5 Antworten zu “Kostenlose EPG’s und ihre Zukunft — Die Contentindustrie dreht mal wieder am Rad”

  1. tante sagt:

    Irgendwie haben die einfach ein Problem damit, _irgendetwas_ kostenfrei abzugeben, demnächst wird Werbung gucken auch Geld kosten.

    Ich sehe da aber auch echt keine Änderung kommen, sie hängen auf ihren alten Geschäftsmodellen fest und schaffen es so gar nicht, ihre Geisteshaltung auch nur ein wenig anzupassen.

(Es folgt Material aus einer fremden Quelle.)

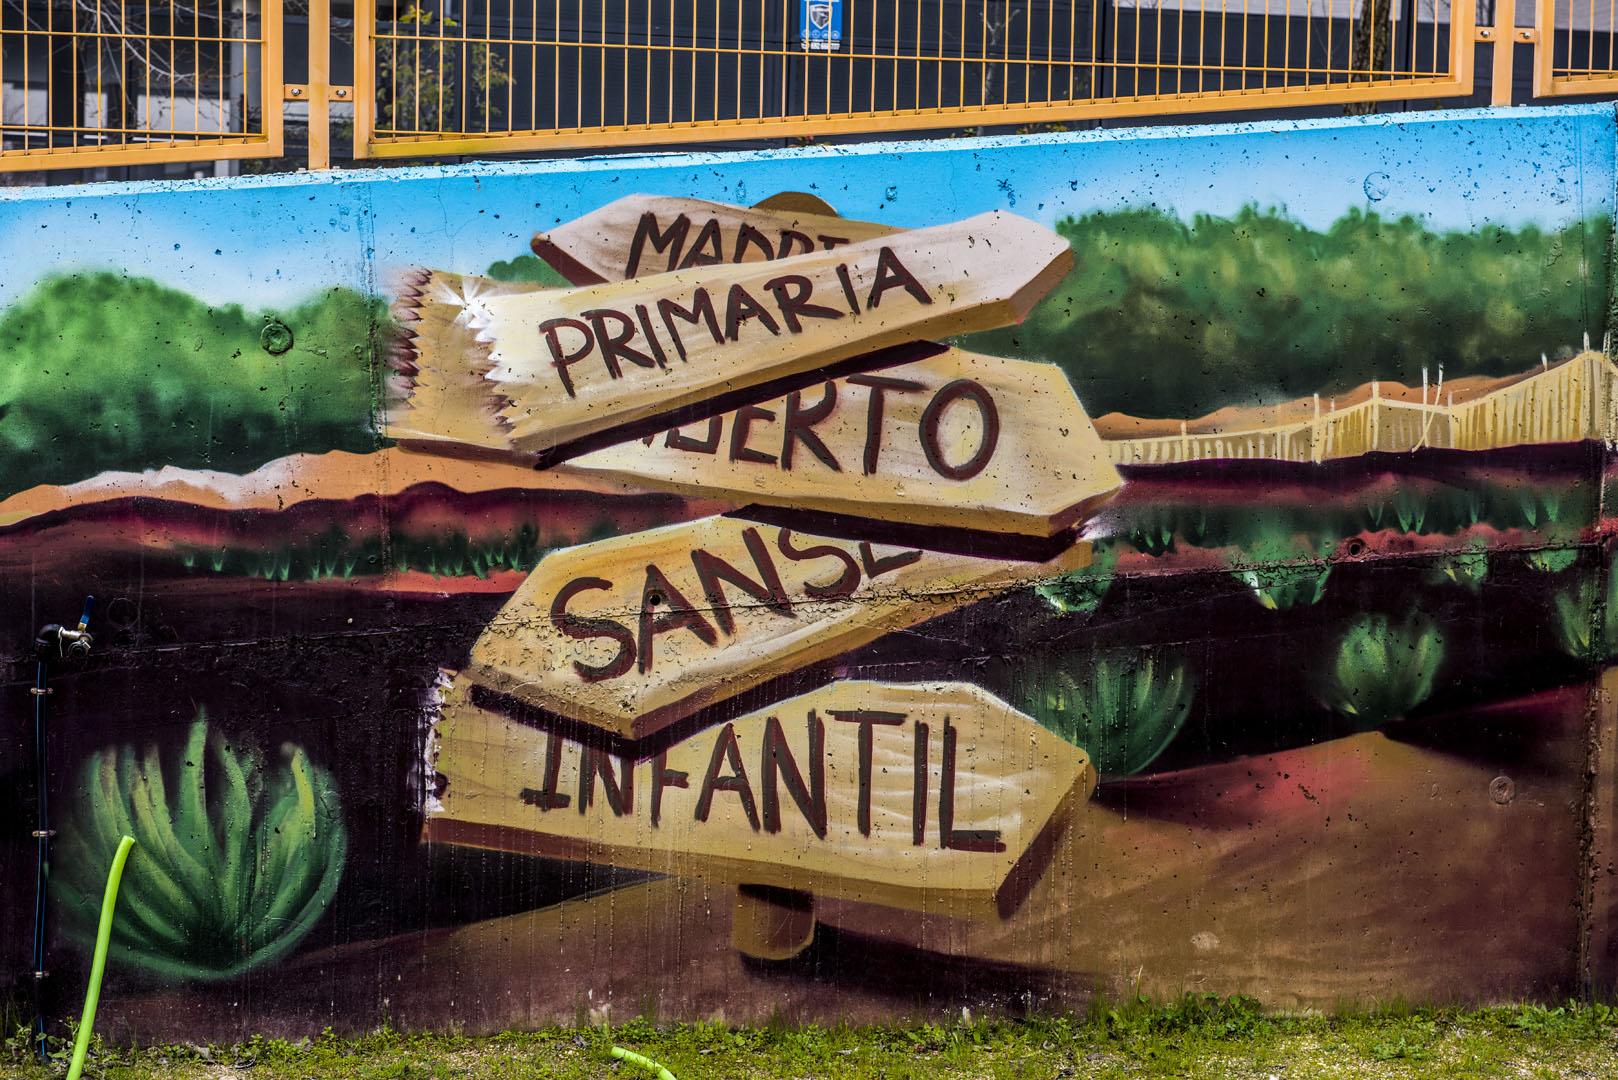 http://www.colegiotempranales.com/images/tempranales/centro/galeria/HuertoCartel.jpg

    Es ist mittlerweile (gerade wenns um TV geht) nur noch lächerlich: TV hat Probleme, muss gegen alles mögliche andere konkurrieren (DVDs, Videospiele, Internet/Surfen, &ct), aber anstatt den Leuten entgegen zu kommen, um sie zu fixen Zeiten vor den Verblödungsstrahler zu locken, werden den Menschen Steine in den Weg geworfen.

  2. Oliver sagt:

    >Irgendwie haben die einfach ein Problem damit, _irgendetwas_ kostenfrei abzugeben

    Schau dich beim Rest der Bevölkerung um, das Gros hat ebenso etwas dagegen etwas frei abzugeben. Darüber täuscht auch nicht der Erfolg der Wikipedia oder die Verbreitung von Dingen unter der CC hinweg. Es ist ein gesellschaftliches Problem und das Geben/Nehmen keinesfalls eine Einbahnstraße.

  3. tante sagt:

    Für viele ist die Wikipedia ja auch nicht so sehr _geben/nehmen_ wie viel mehr ein reines _nehmen_.

    In Zeiten wo das Wort «Neiddebatte» sich mit Gewalt in den aktiven Wortschatz aller drängt, wo Missgunst eine Qualität ist, wo «Geiz ist geil» gilt, ist das natürlich kein Wunder.

  4. Falk sagt:

    Es ist ein gesellschaftliches Problem

    Es ist reine Gier und Streben nach Macht. Widerliche Gesellschaft…

  5. derhans sagt:

    Irgendwie erinnert mich das an die Geschichte mit den Liedtexten, die auch keiner ohne zu zahlen veröffentlichen darf. Einfach nur krank.

    > Für viele ist die Wikipedia ja auch nicht so
    > sehr _geben/nehmen_ wie viel mehr ein
    > reines _nehmen_.

    Das stimmt. Die viele Menschen betrachten insbesondere das Internet als großen kostenlosen Selbstbedienungsladen, hauptsache alles für lau. Selber etwas beisteuern, und sei es nur ne Kleinigkeit tun die allerwenigsten.